Analysing arbitrary log files (newbie)

Hi

I would like to ingest and correlate messages from a number of log files that I have on disk. I have installed Elasticsearch, Kibana and Filebeat. I have configured Filebeat to read the log files from a directory, and I can see some indications of that in the Kibana Discover page.

So, I have signs of life.

There are some basic points that I need guidance on please. I am hoping that there is a suitable tutorial for my use case, i.e. how to ingest and analyse arbitrary log files, that I could be referred to. So, the points below could be answered directly here (thank you), or via a pointer to a tutorial (thanks even more). I know there are lots of tutorials, but none that quite seem to fit my needs.
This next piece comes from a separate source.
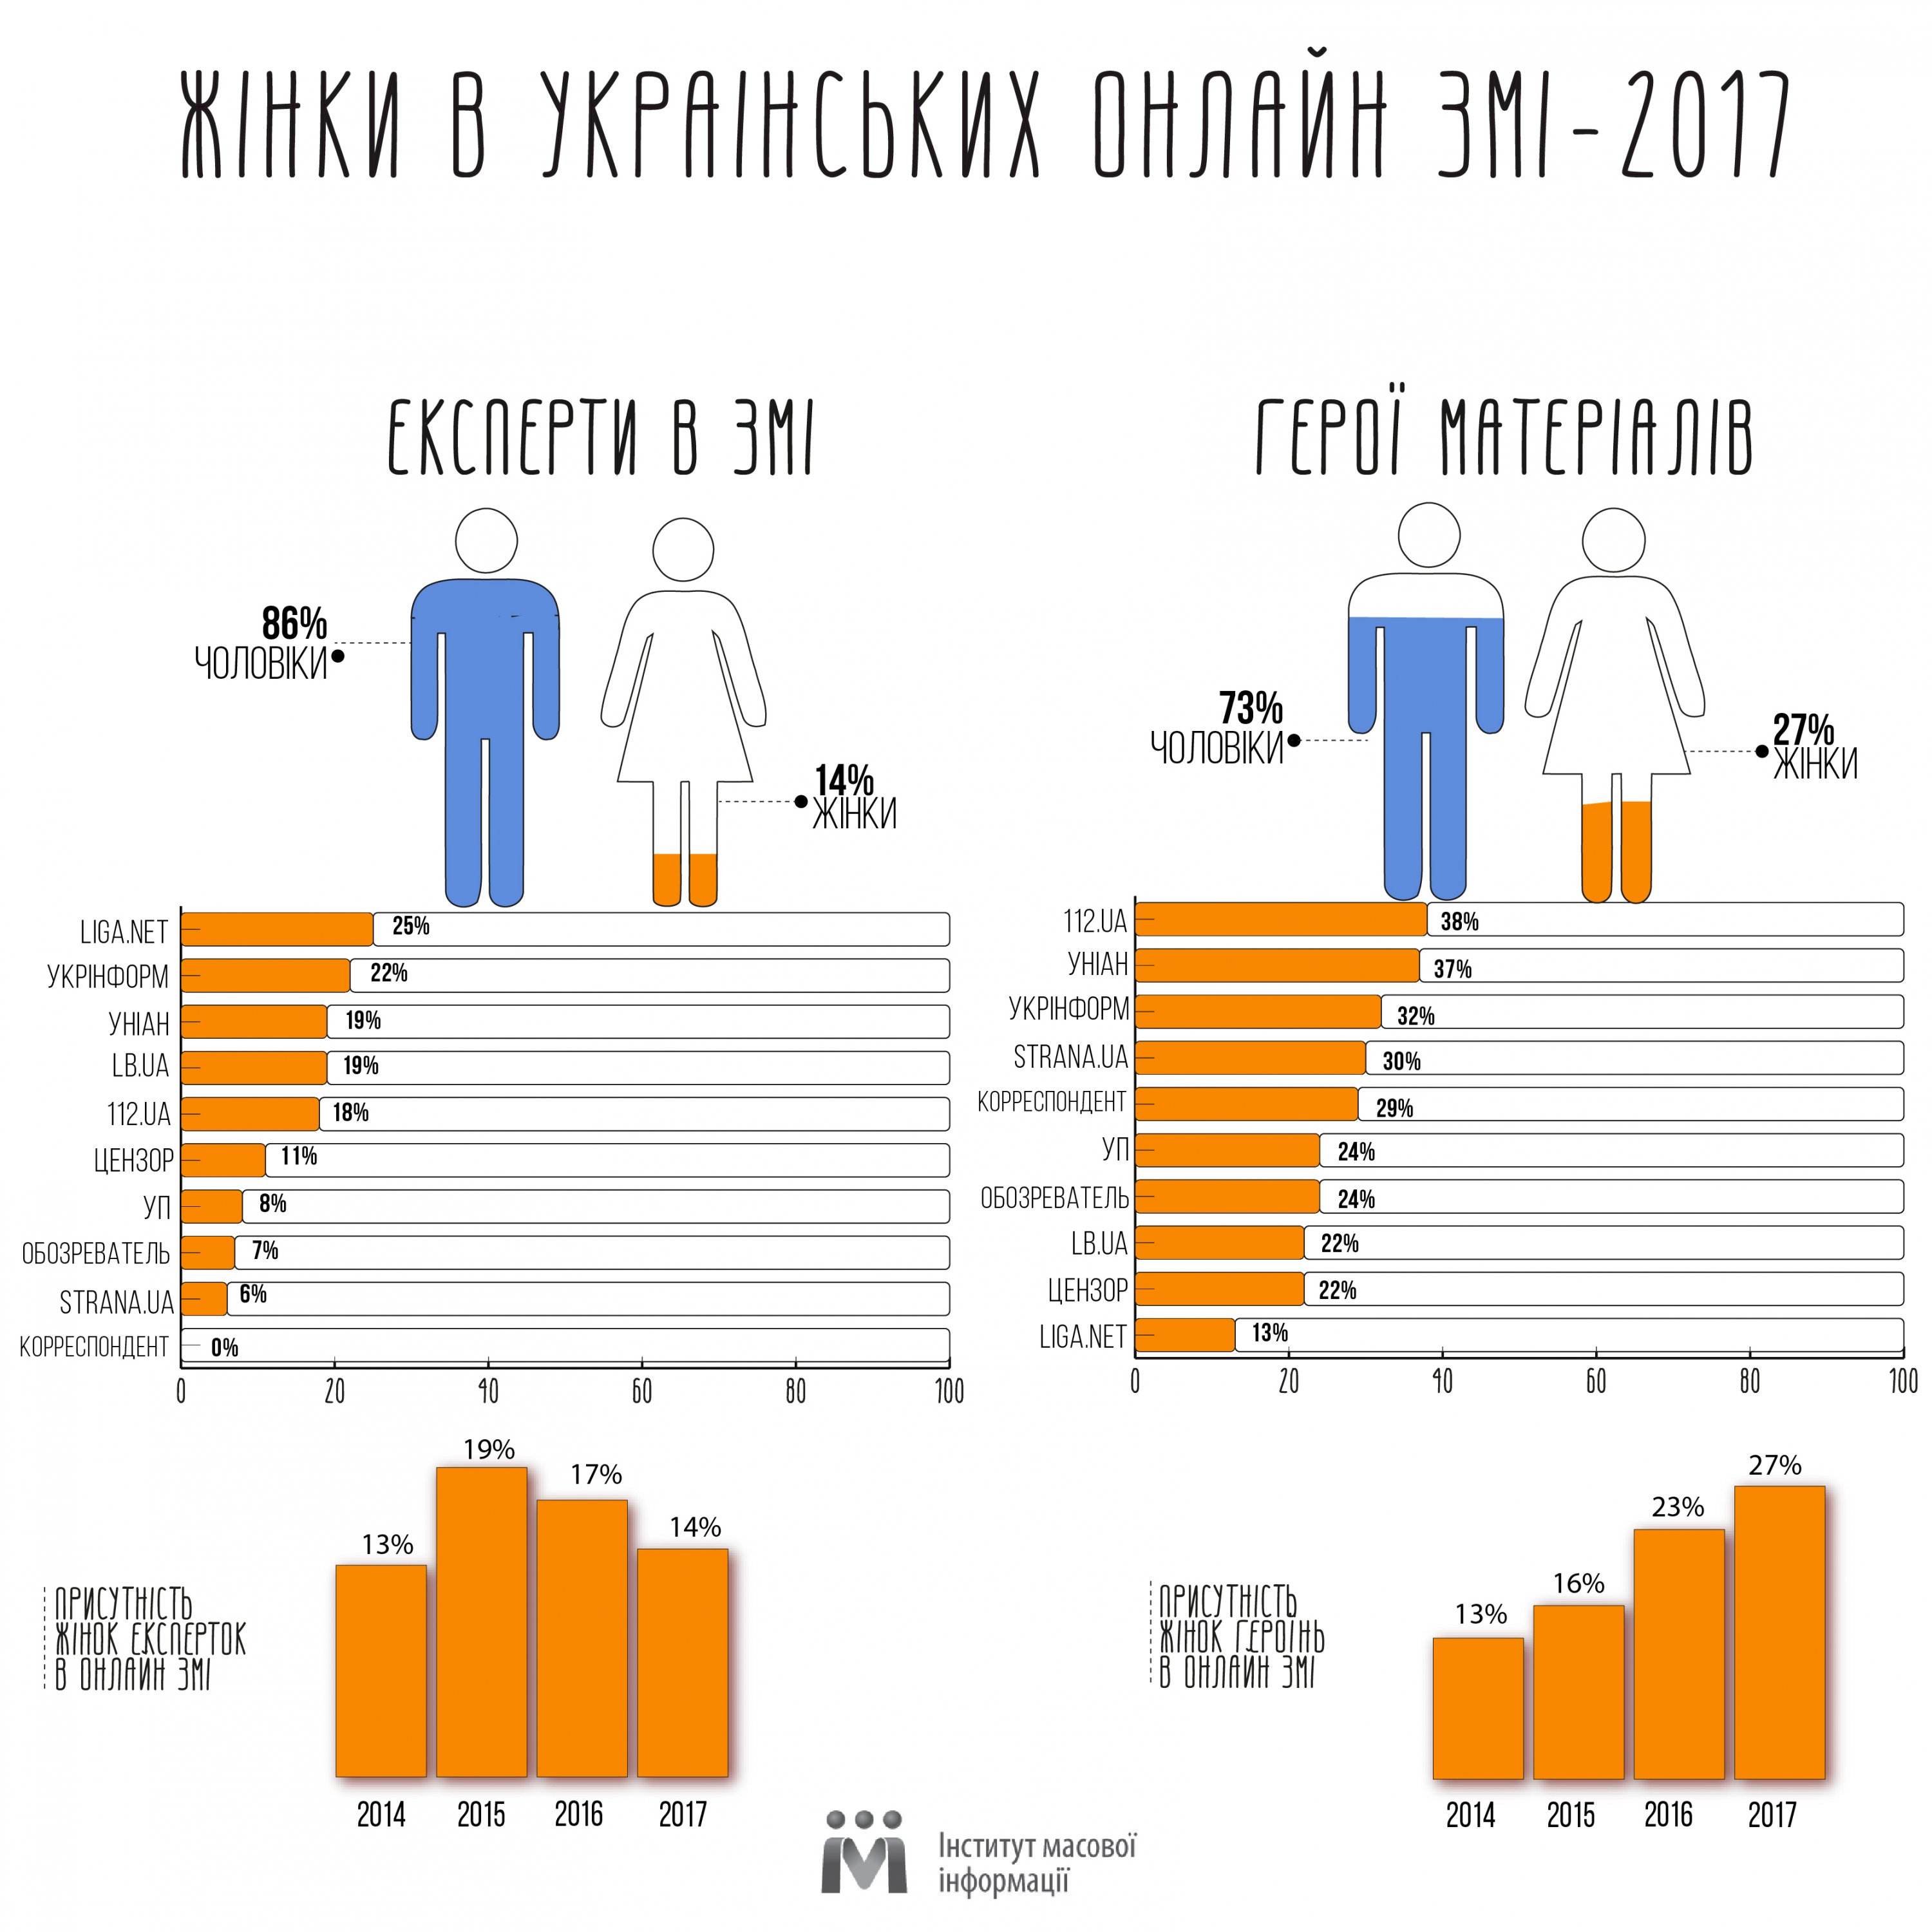 В украинских СМИ стало крохотнее женщин-экспертов - исследование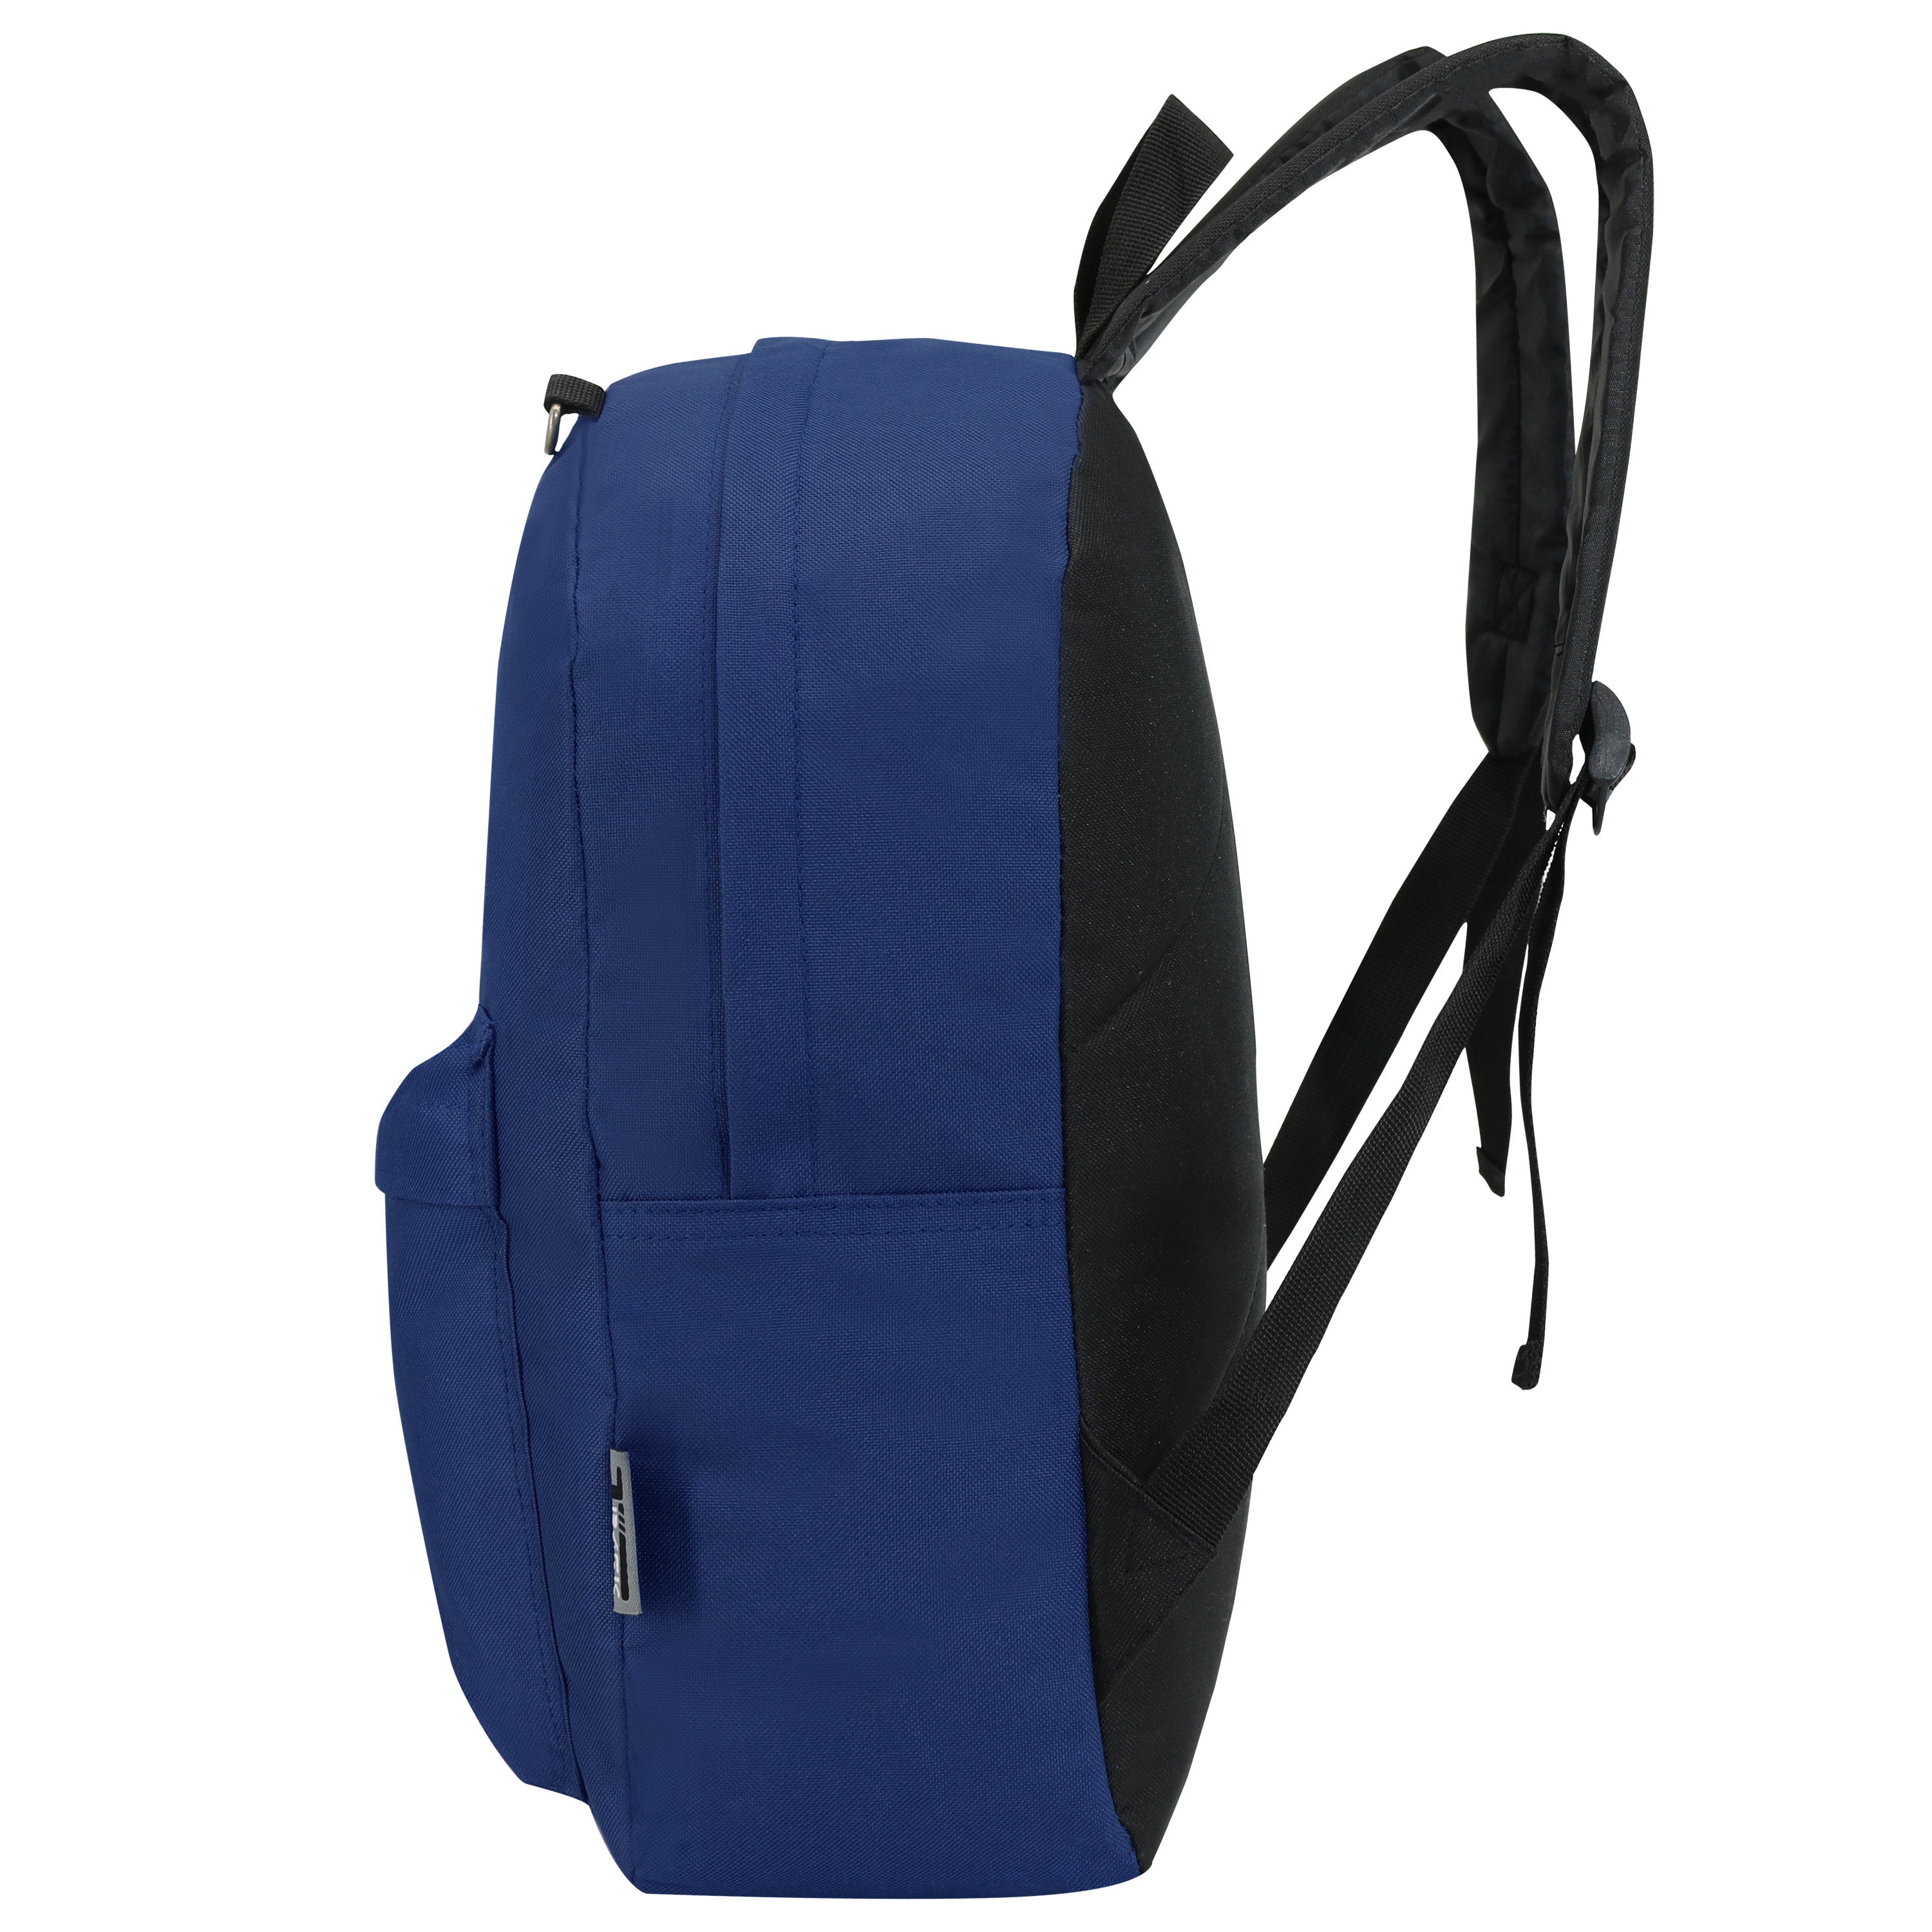 17" Kids Wholesale Backpacks In Navy - Wholesale Case of 24 Bookbags

How do I remove the messages that are showing as a result of previous iterations of changing Filebeat config so that I only see the latest messages. As matters stand now, for example, I am seeing messages that appear to represent a directory listing, which is probably an artefact of an earlier configuration attempt.

How can I see what kind of data is being read from a given log file so that I can see whether Filebeat is making sense of the log file format?

Since Filebeat will likely get confused by some of these log files, what do I about that? For example, should I add a specific content format filter, and, if so, how?

Many thanks

Nathan

Hi mate!!!

First thing that calls my attention, is that you don't mention logstash. I don't know if that's an omition or in fact you did not installed it. In any case, logstash is a key piece when it comes to the part for processing your data.

I'm quite new to elastic my self, so I'll share with you what I've been up to, as I'm quite happy to where it is leading me in terms of knowledge...although I can see that there is a huge way ahead.

Now, to try to answer your questions:

--> What i usually do while testing things, is I just delete the "old" index all together and reindex the thing. I think there are other methods like using the _reindex API so you don't need to remove your original index...but in my case, deleting the old index and indexing again is just fine.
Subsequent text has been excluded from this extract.